___ Source material
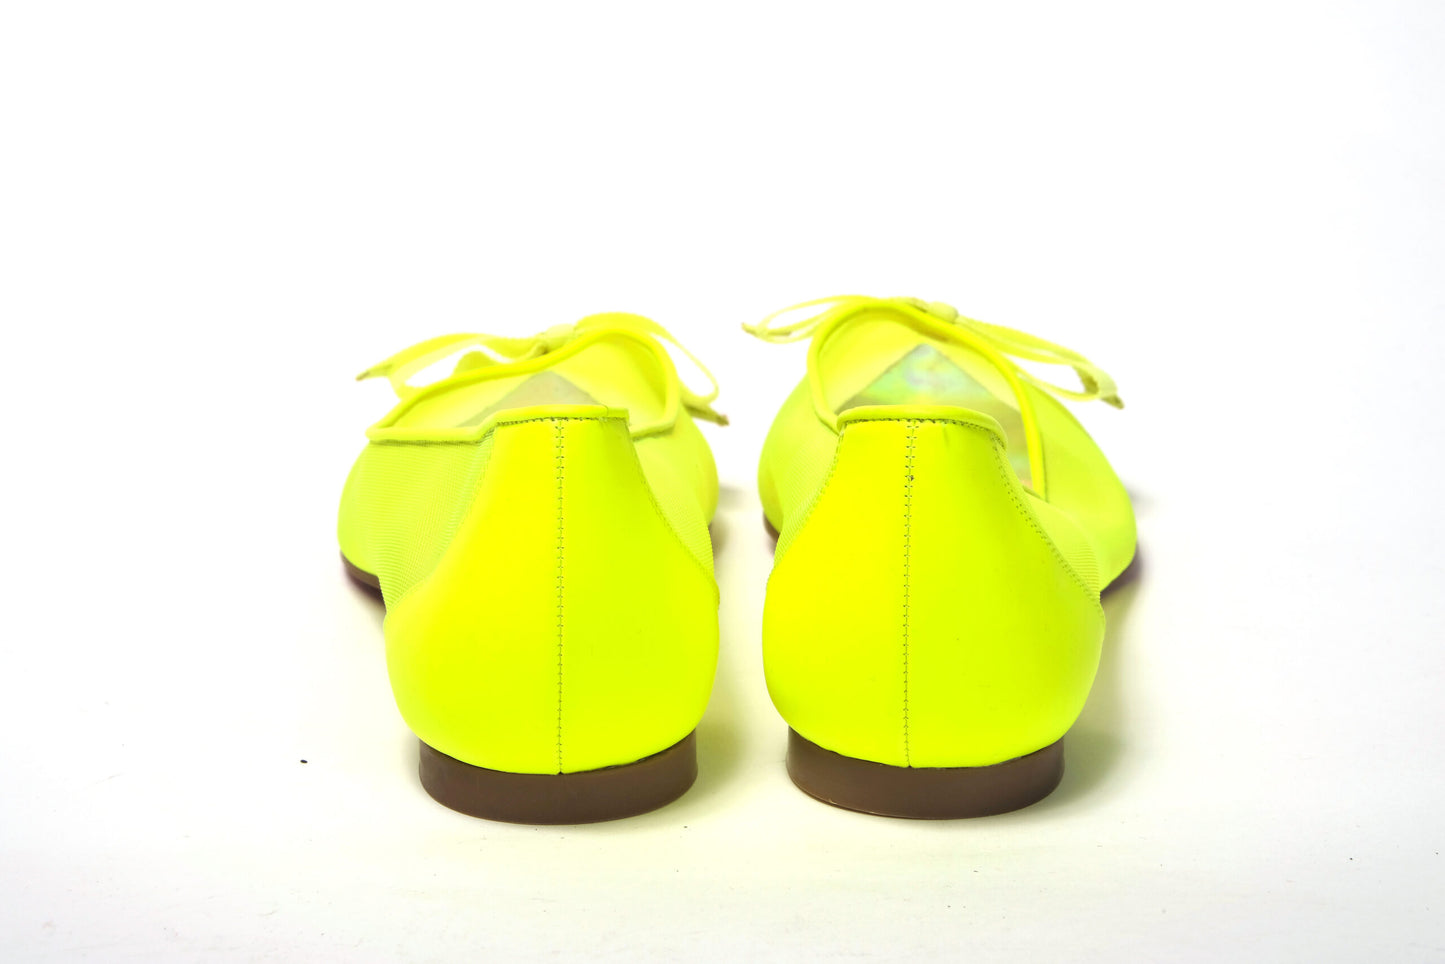 حذاء كريستيان لوبوتان فلورو أصفر مسطح بمقدمة مدببة
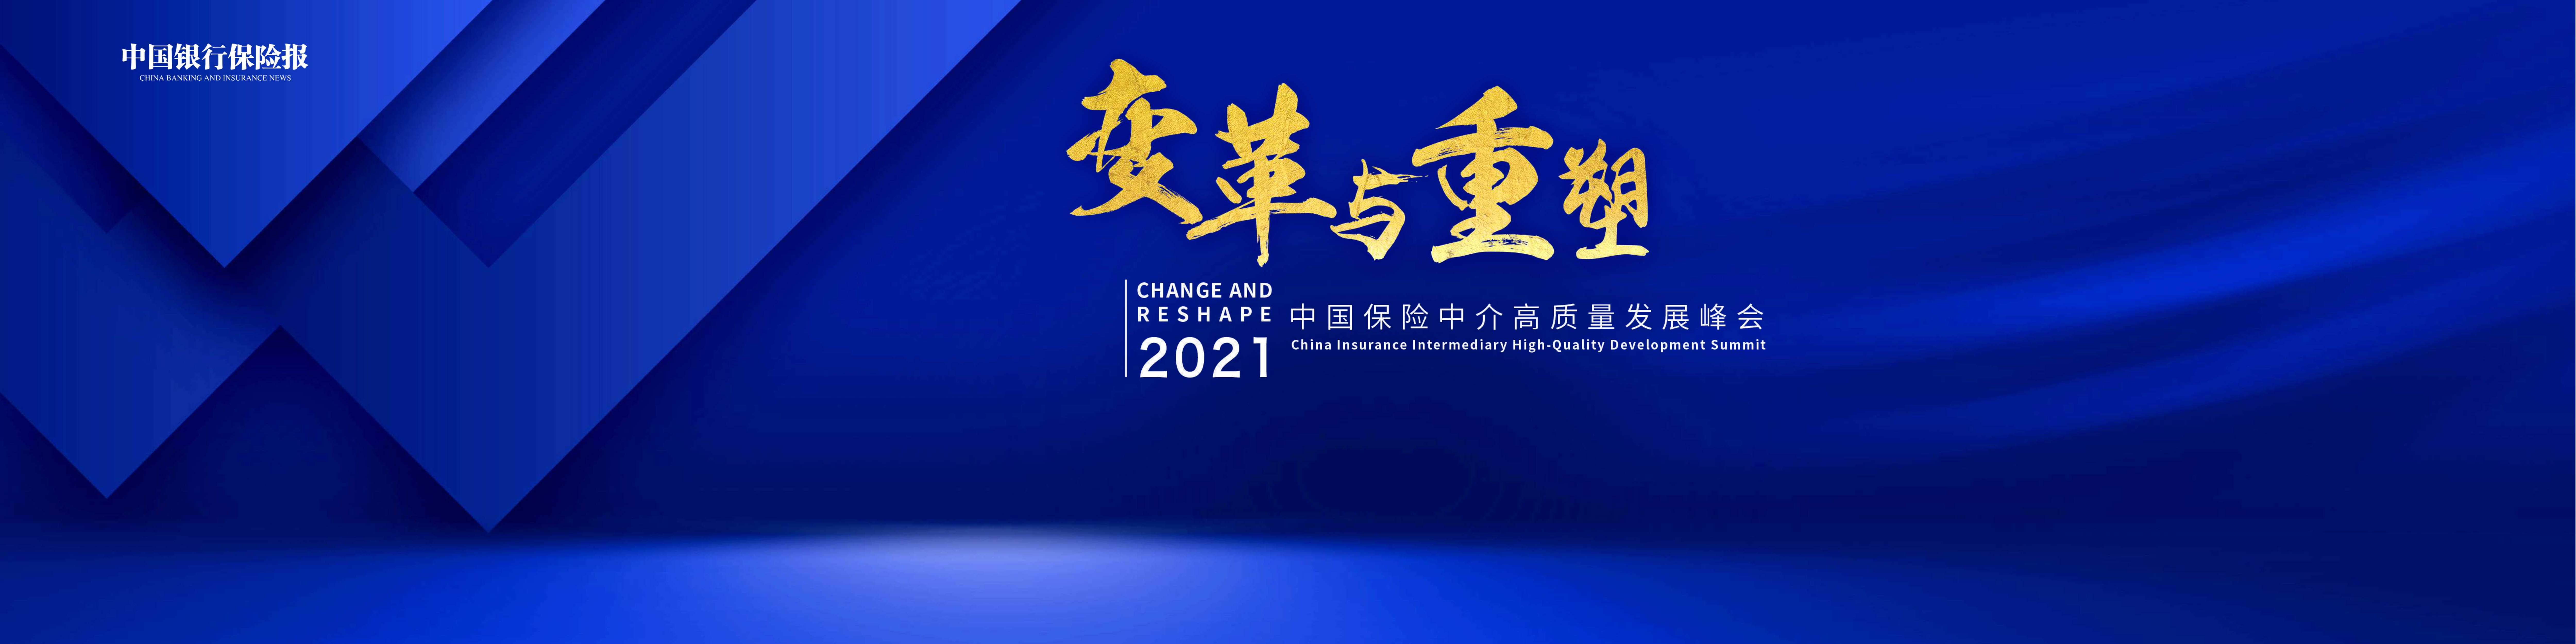 众安科技-中国保险中介高质量发展峰会演讲内容-2022.01-11页
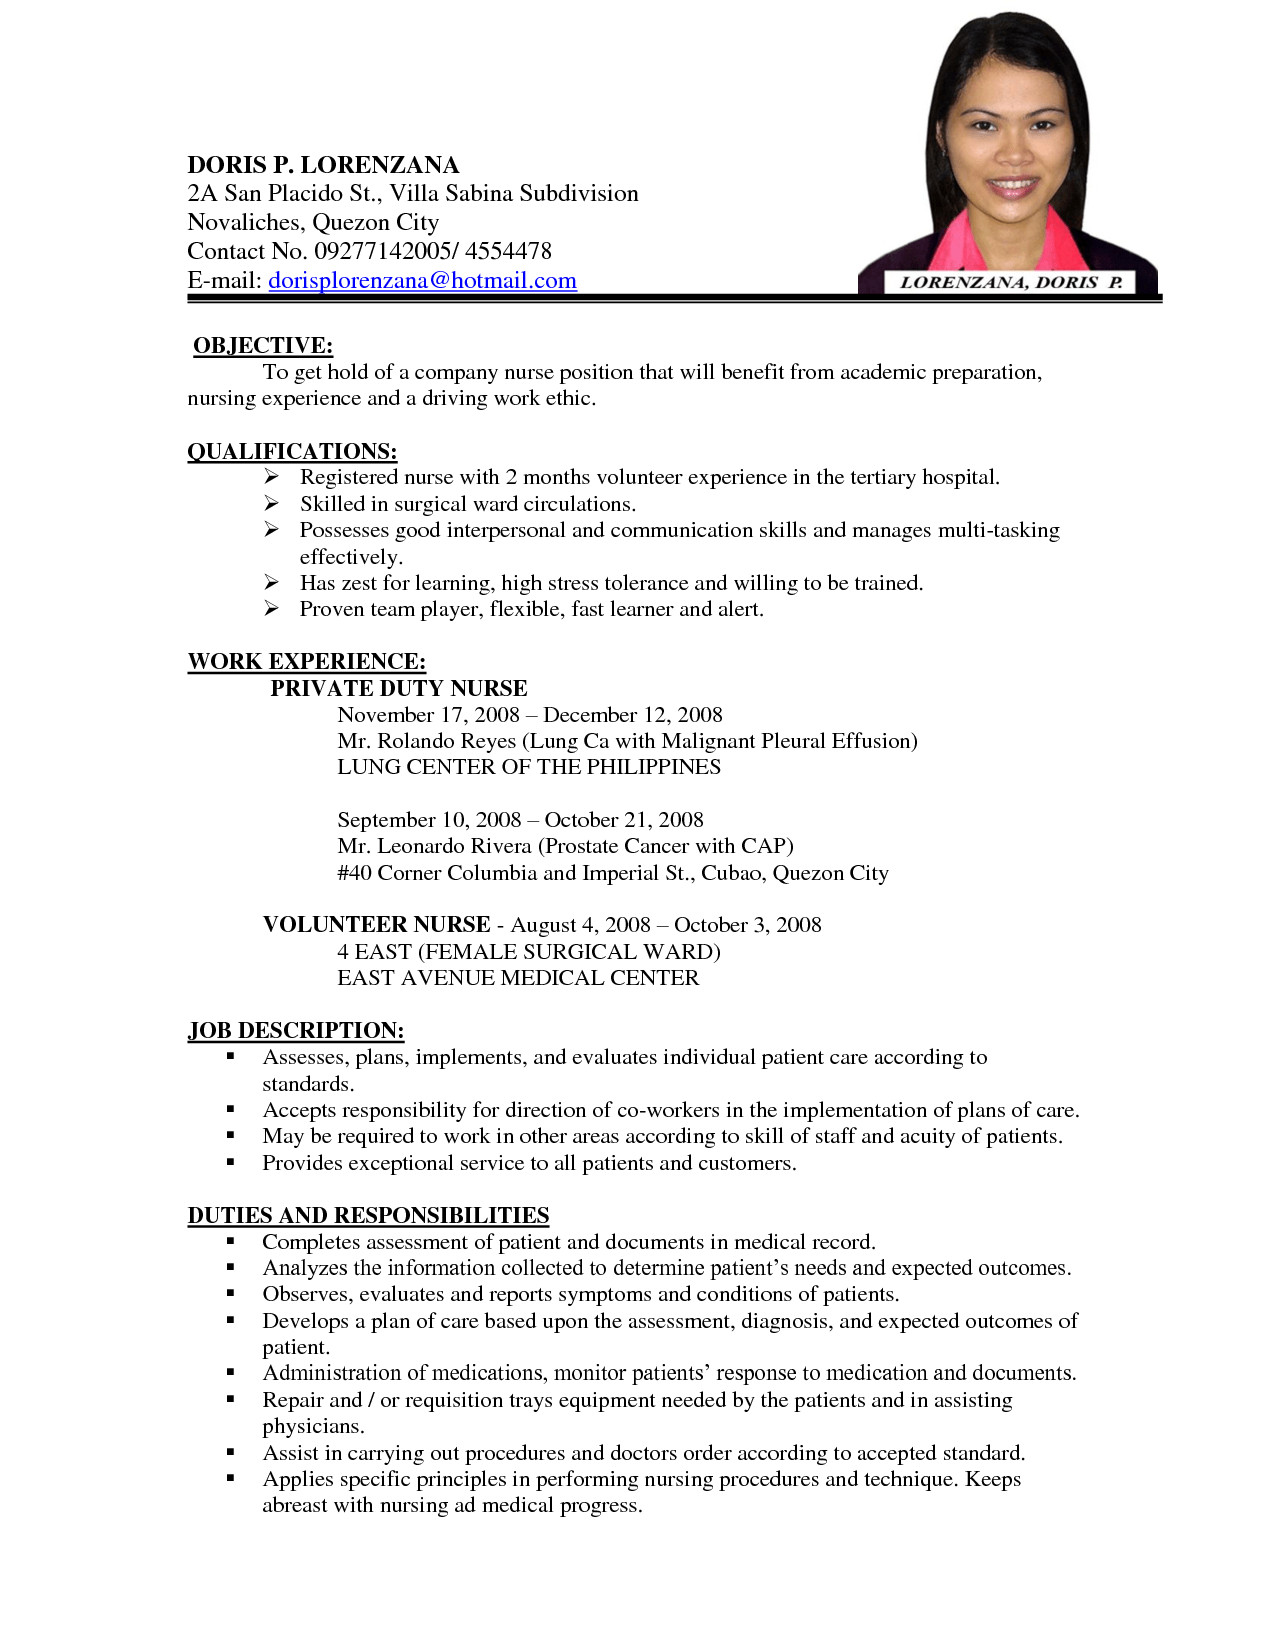 Sample Resume for Teaching Position Philippines Sample Resume Teachers Elementary Philippines
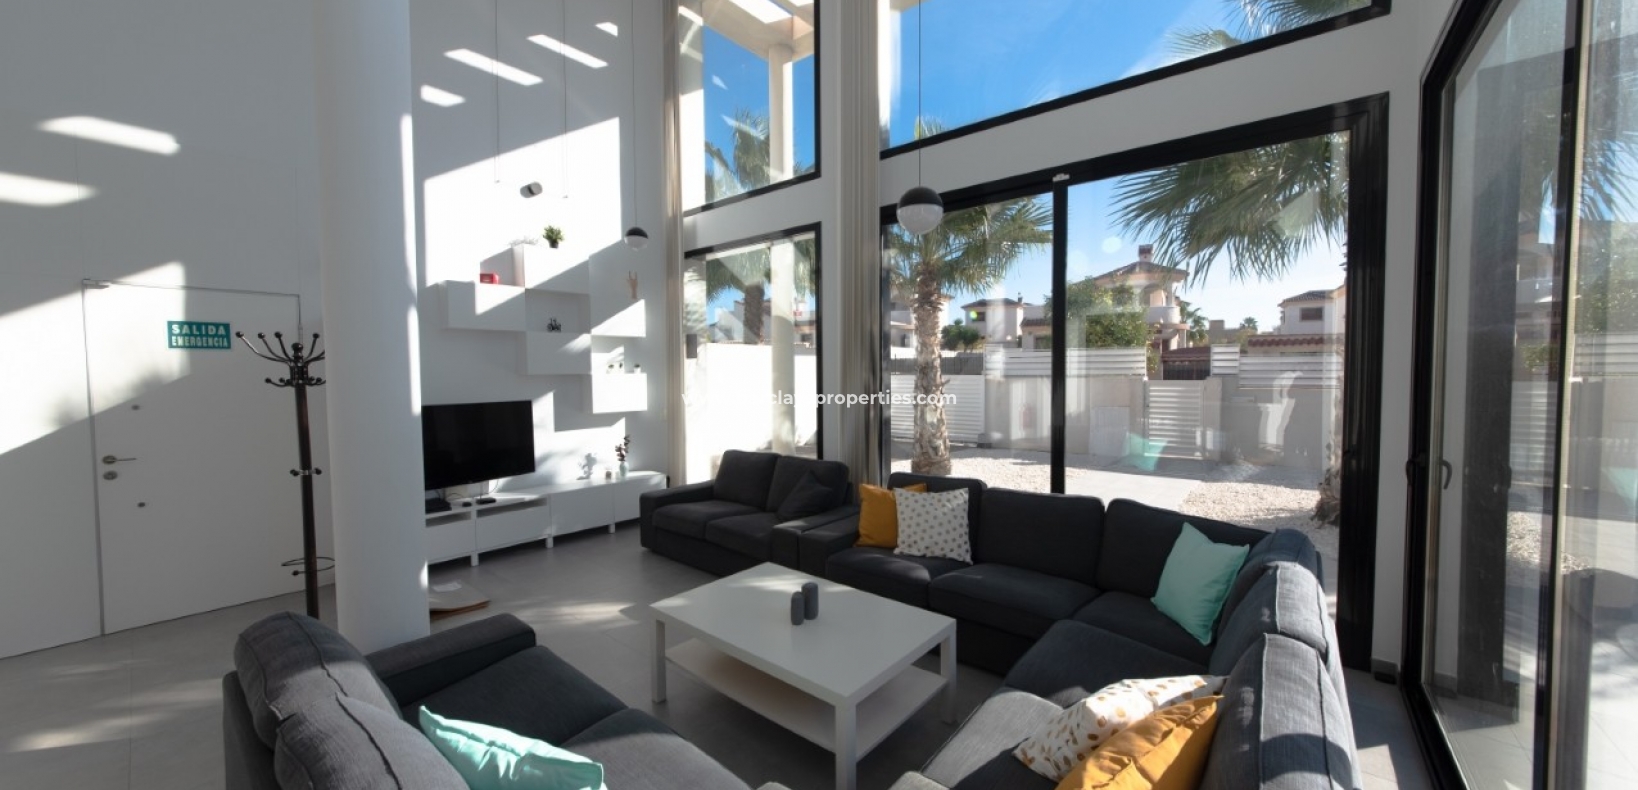 Woonkamer - Nieuwbouw villa te koop in Urb La Marina
______
» **To do**:
Since the pictures are not part of the copy, transcribe only the remaining material, exactly.

» **Response box**:
 حذاء كريستيان لوبوتان فلورو أصفر مسطح بمقدمة مدببة
 众安科技-中国保险中介高质量发展峰会演讲内容-2022.01-11页
 Sample Resume for Teaching Position Philippines Sample Resume Teachers Elementary Philippines
 Woonkamer - Nieuwbouw villa te koop in Urb La Marina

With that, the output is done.